*Assigned task*: Drop the pictures and extract exactly the lines from the one that contains "Dressing poured over" through the end of the material.

*Data segment*:
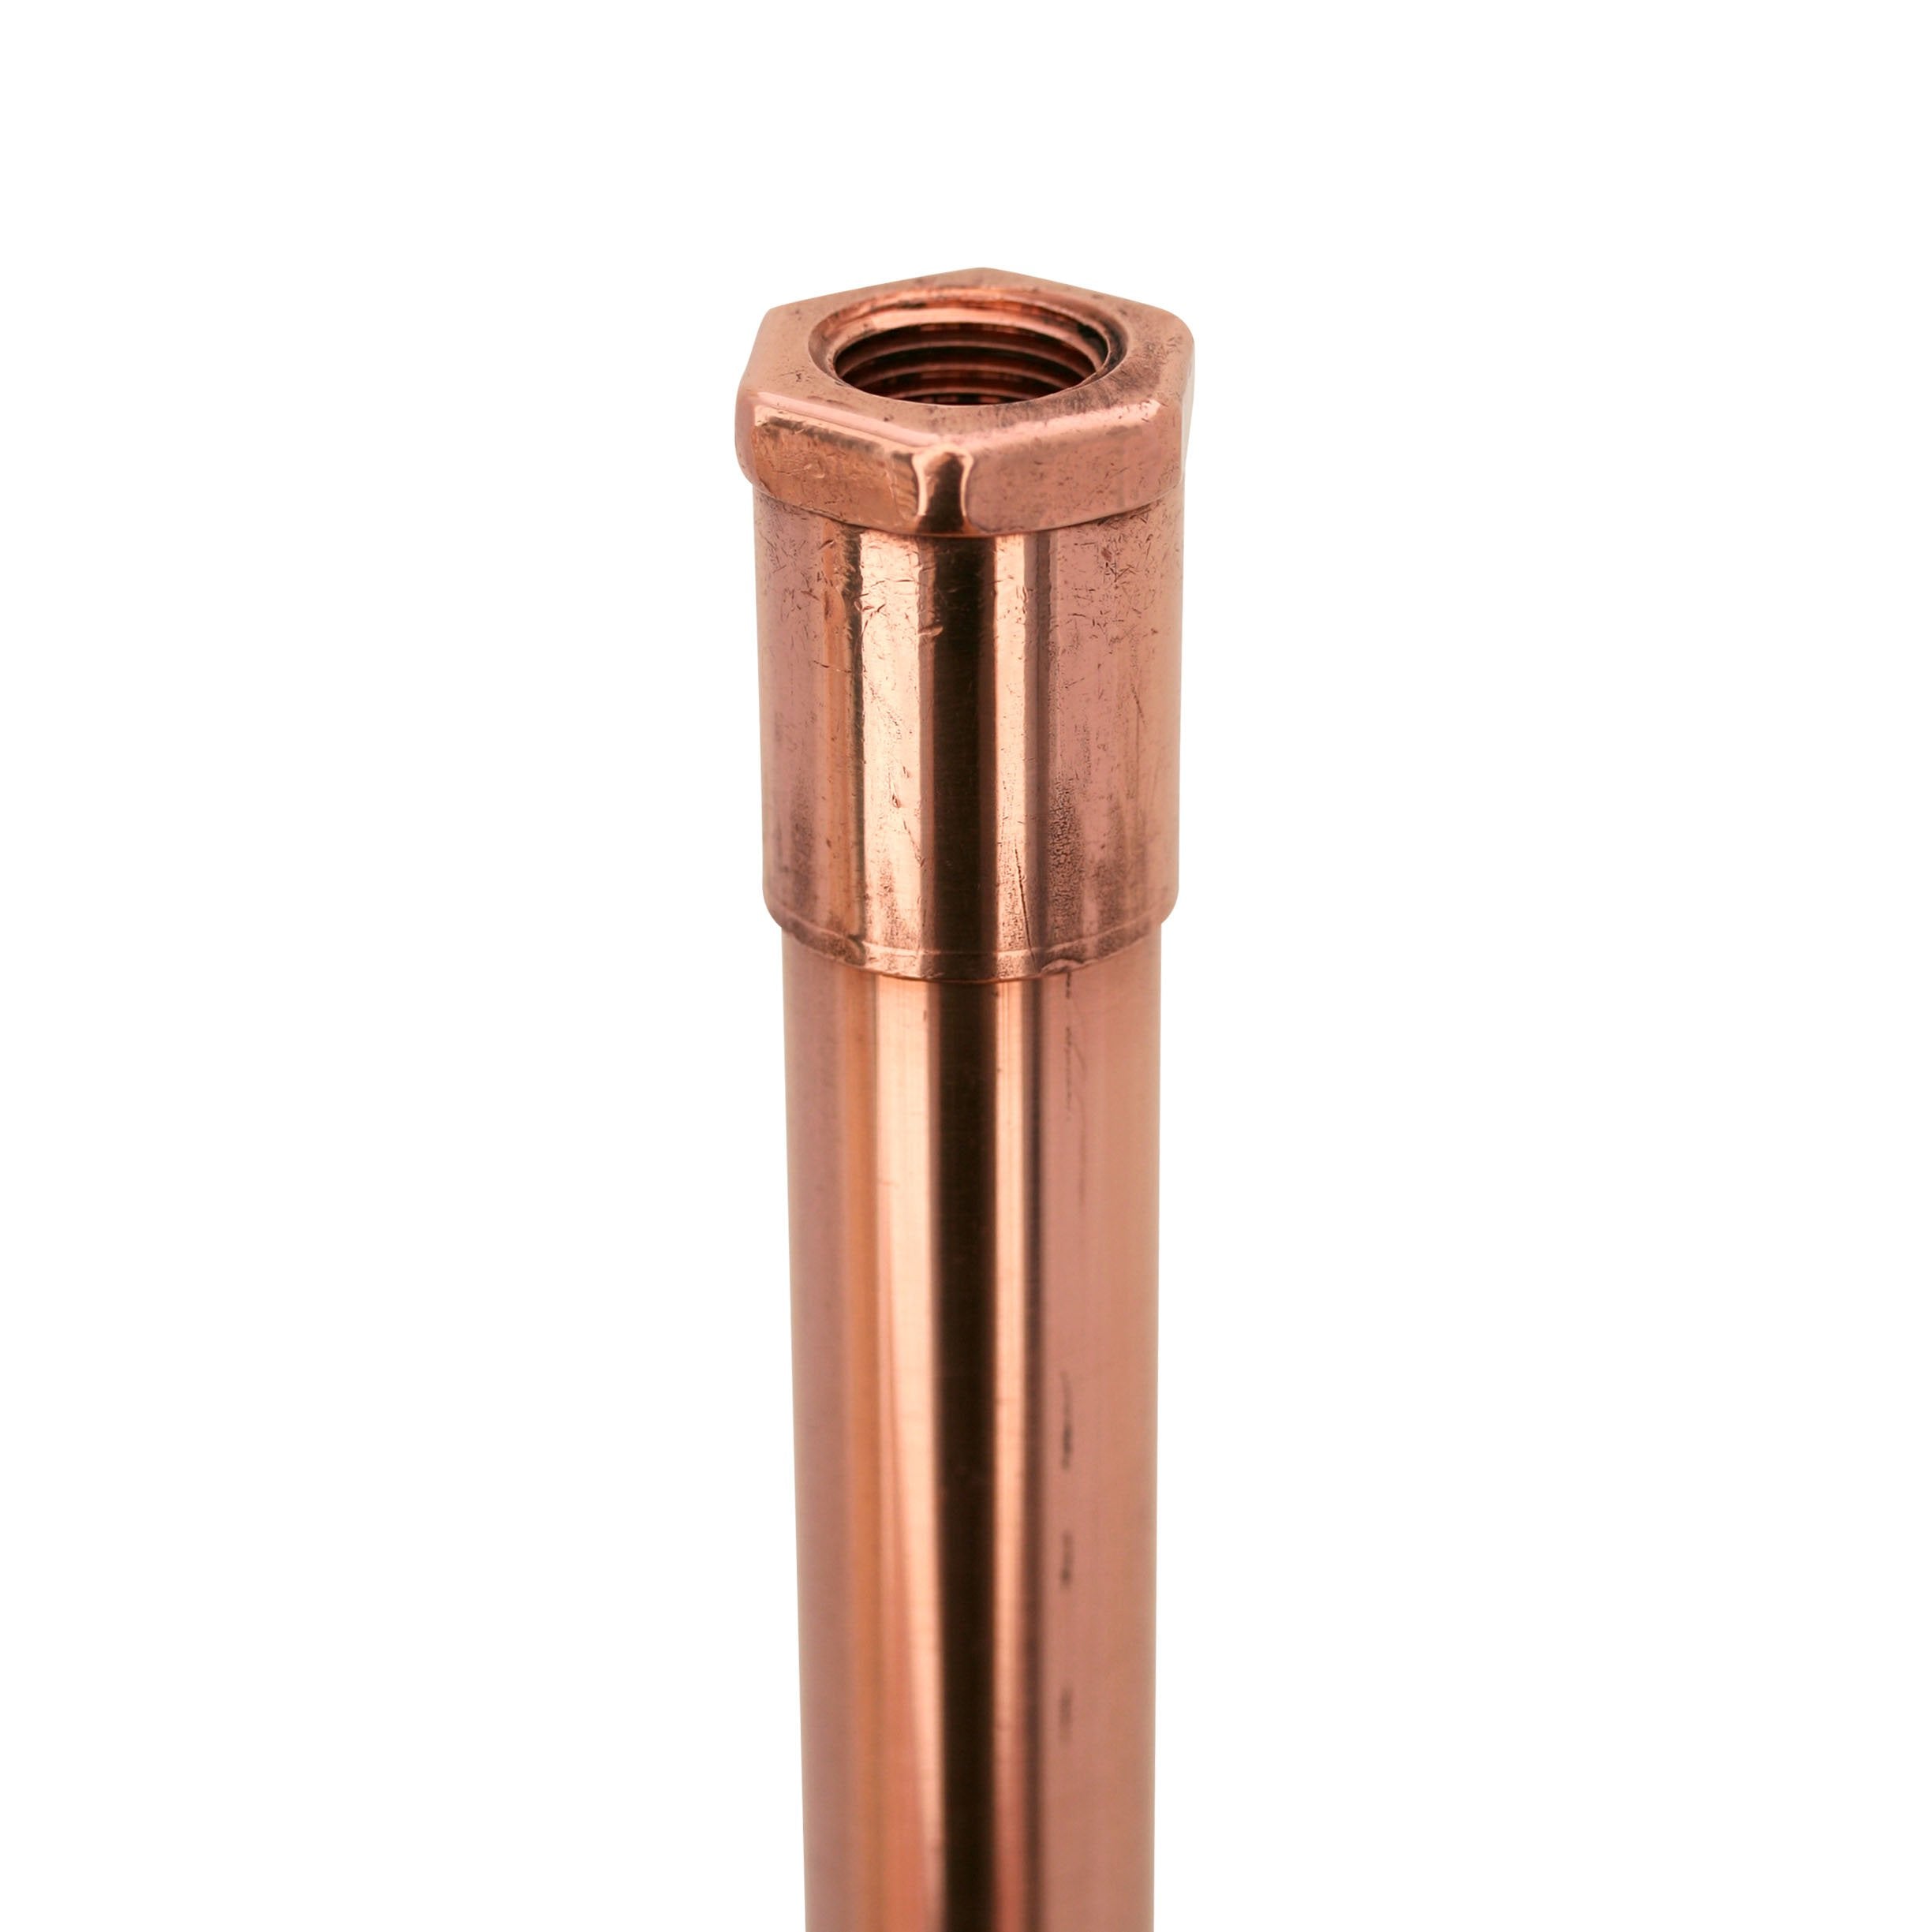 CopperMoon Custom Copper Stem ONLY for CM.4017 path light
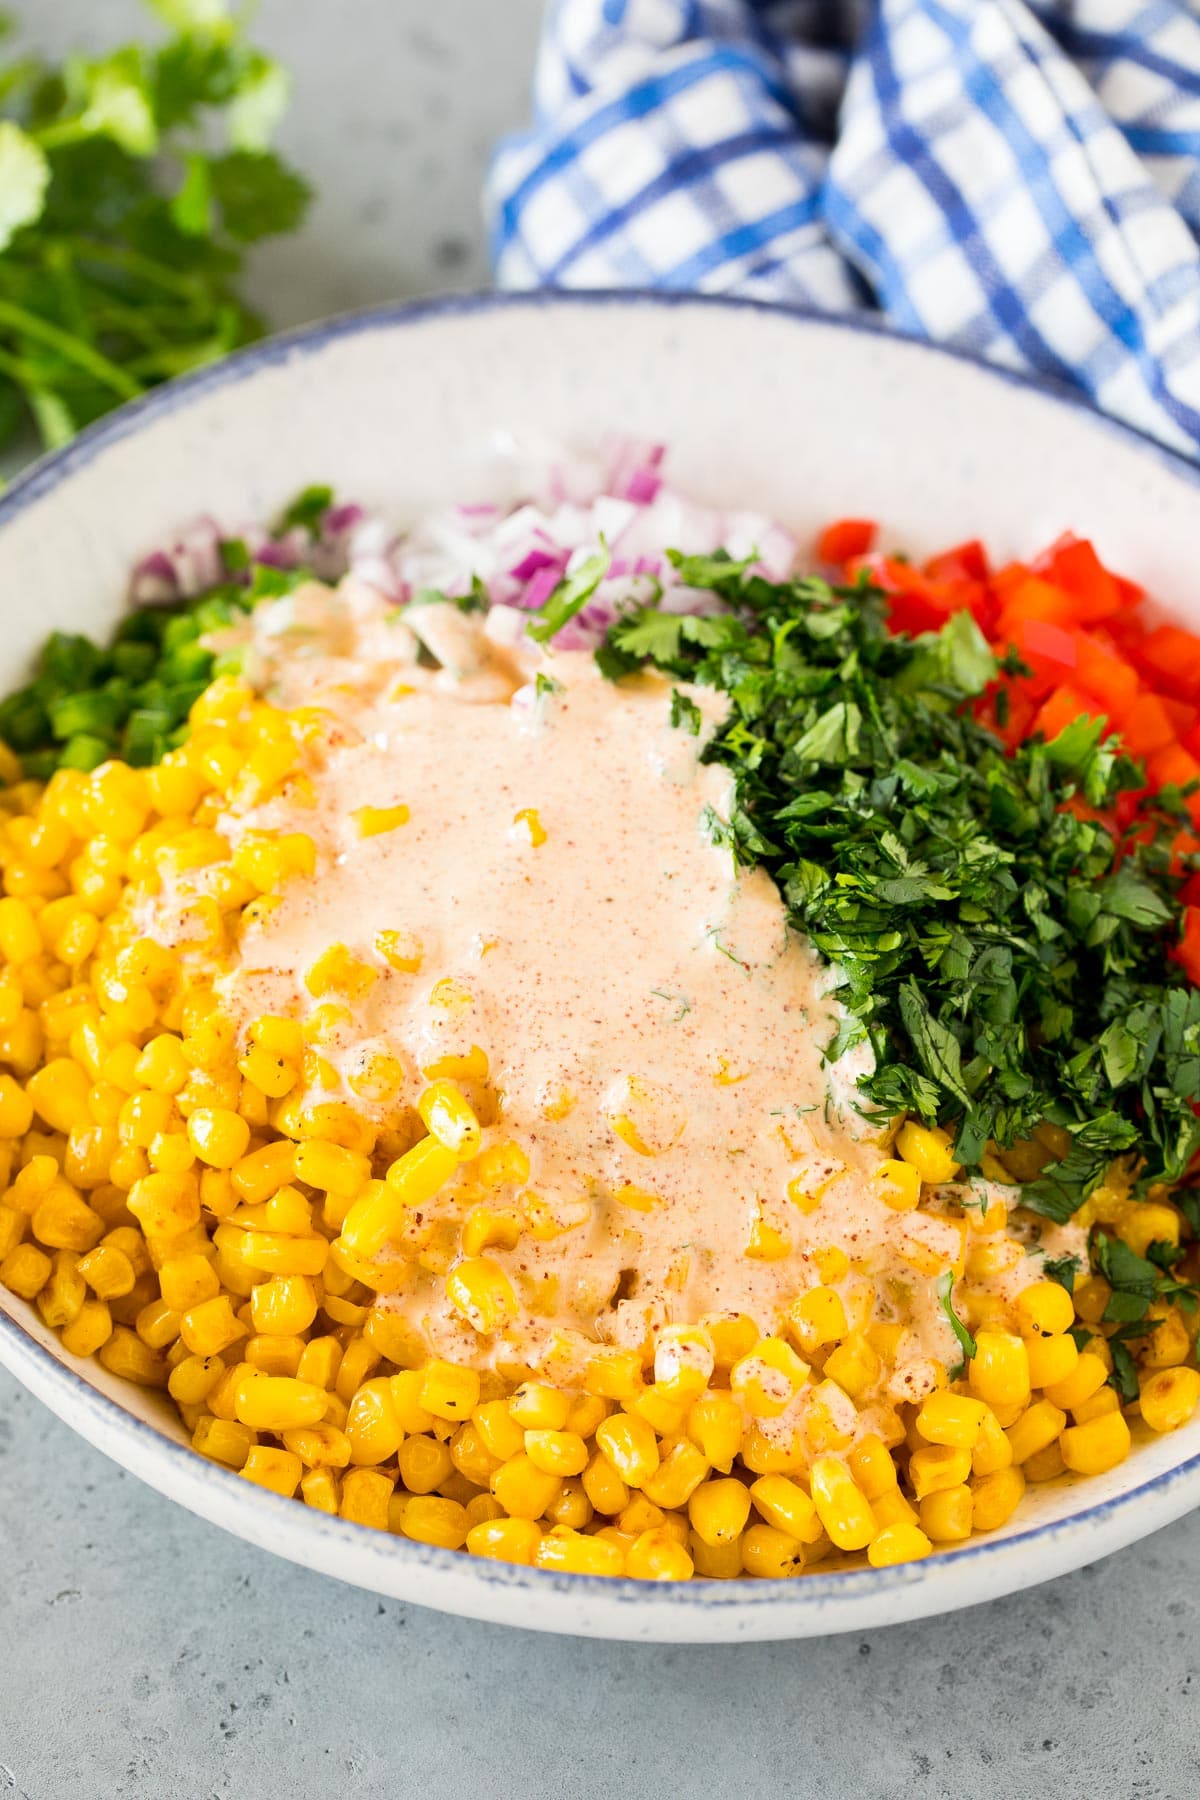 Dressing poured over a bowl of corn and vegetables.
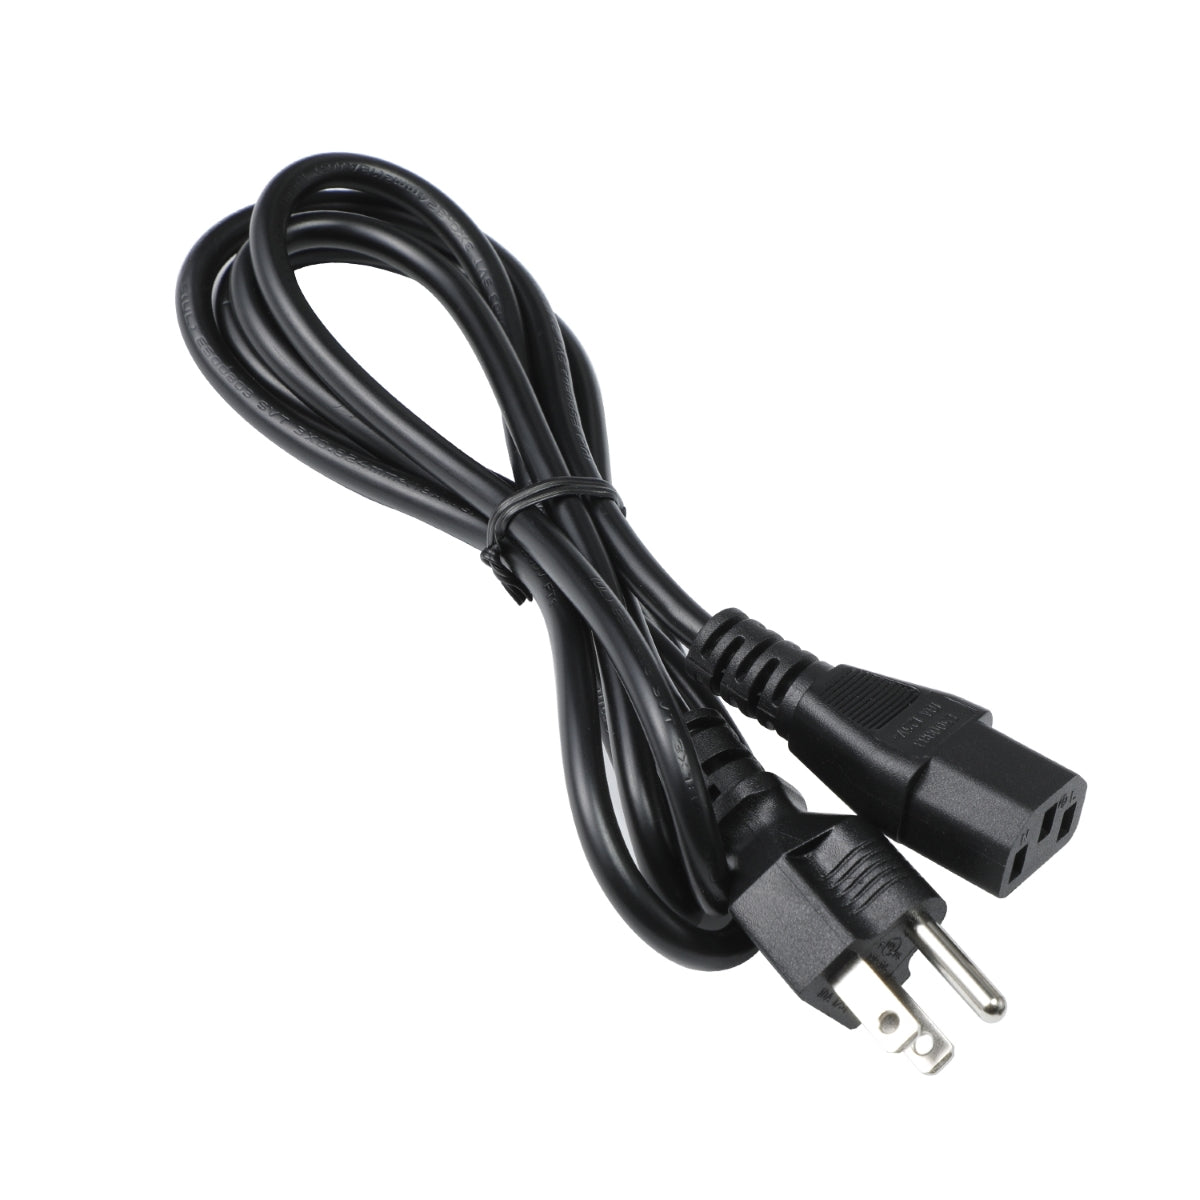 Power Cord for BenQ PD2700U IPS Monitor

*Output of the exercise*:
 Dressing poured over a bowl of corn and vegetables.
 Power Cord for BenQ PD2700U IPS Monitor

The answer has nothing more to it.